Computerworld
Games developer upgrades to 10 gig switching
Storage is the new bottleneck
Sandra Rossi  03 August, 2007 11:45

Australian video game developer, Krome Studios, has completely re-engineered its network as part of an upgrade to 10 Gigabit switching.

The company's IT manager, Jason Muir, said the aim of the upgrade was to increase throughput over the backbone as games development is extremely taxing on bandwidth.

"Plus we have a lot of high-powered machines in a small space sharing large amounts of data," he added.

Krome has two adjacent offices in Brisbane and further sites in Melbourne and Adelaide, employing 300 staff in total.

After the initial research and planning, Muir approached reseller Computer Alliance to supply the equipment.

"We wanted to improve throughput speed for the entire business," Muir said.

"To stack the old switches we were having to sacrifice two ports on the front, and suffer the hit to our throughput.

"The new 10 Gig switches have dedicated stacking modules which plug into the back of the switch so we are not sacrificing ports when stacking and we get vastly improved throughput with 10 Gig."

The last step of the rollout was connecting the two Brisbane sites.

To link the Brisbane buildings, Krome dug up the road and laid down a dark fibre link, running the 10 Gigabit backbone across it.

All up, Krome installed five 10 Gigabit Managed Switches from Netgear as the main backbone switches and linked these to ten Gigabit Managed Switches, distributed across the four sites.

"Before we called in the diggers, we trialled a wireless solution to connect the two Brisbane offices," Muir said.

"Using multiple access points tied together with a bridge, we found they were unable to get enough bandwidth support between the two sites to meet our requirements.

"This solution was abandoned in favour of the dark fibre link."

Muir admits it was a big financial commitment for Krome, but essential to support the expansion of the business.

"We invested between $65,000 and $70,000 on switches and even though we have always been a Netgear house, we found Netgear offered the best price for what we were after anyway," he added.

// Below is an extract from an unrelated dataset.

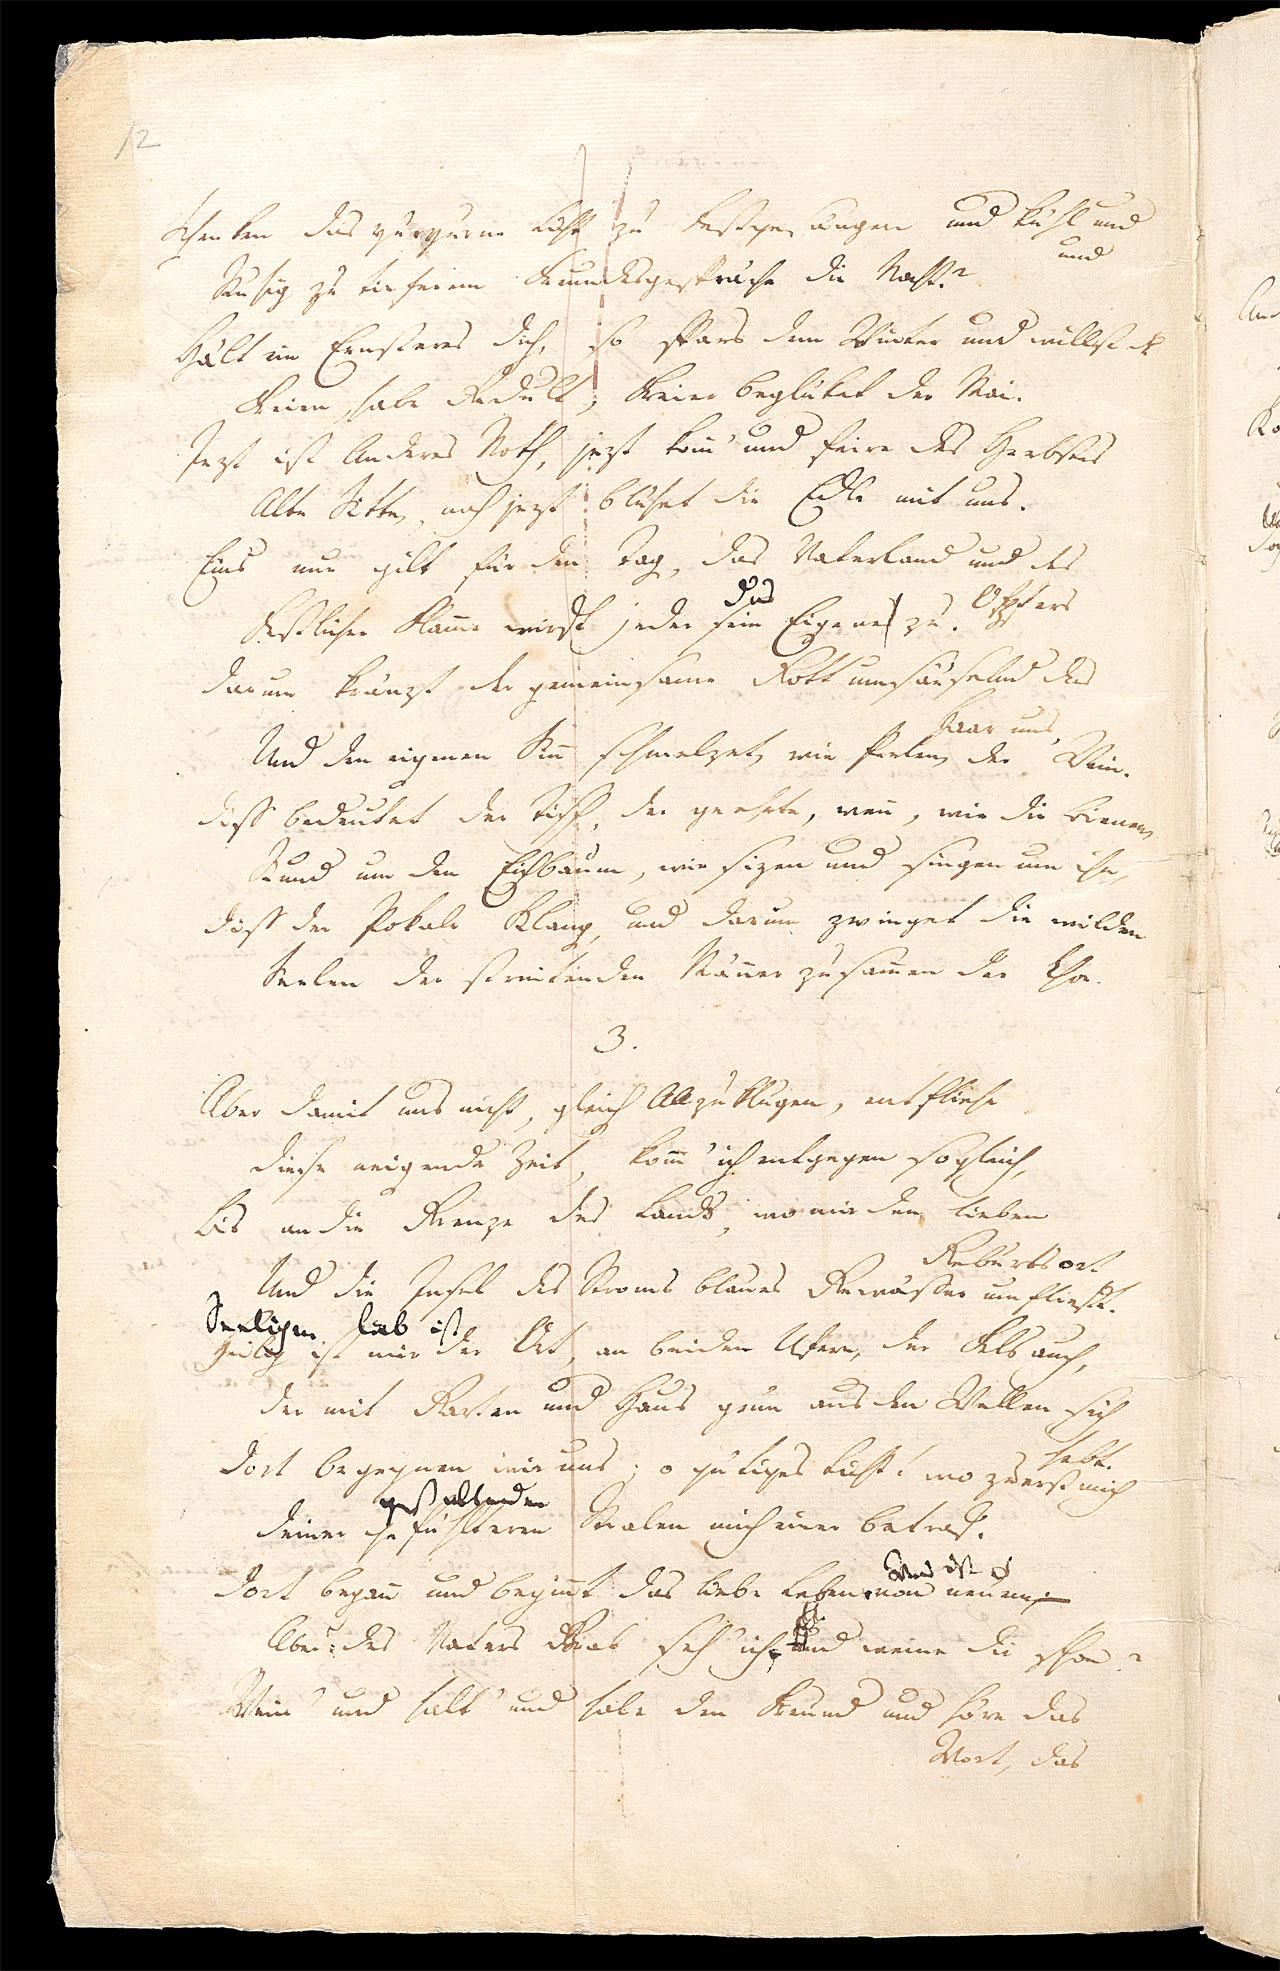 Friedrich Hölderlin, Homburger Folioheft, Seite 12, Stutgard, Handschrift

Netgear techie Thomas Leggett said during the rollout there was one speedbump, that is a non-responsive switch.

"Our tech support team quickly arranged a replacement unit to be shipped to Krome and the upgrade proceeded," Leggett said.

"Individual components in a piece of hardware are usually quite expensive and if the product is under warranty, its easier and of course cheaper to replace the entire unit.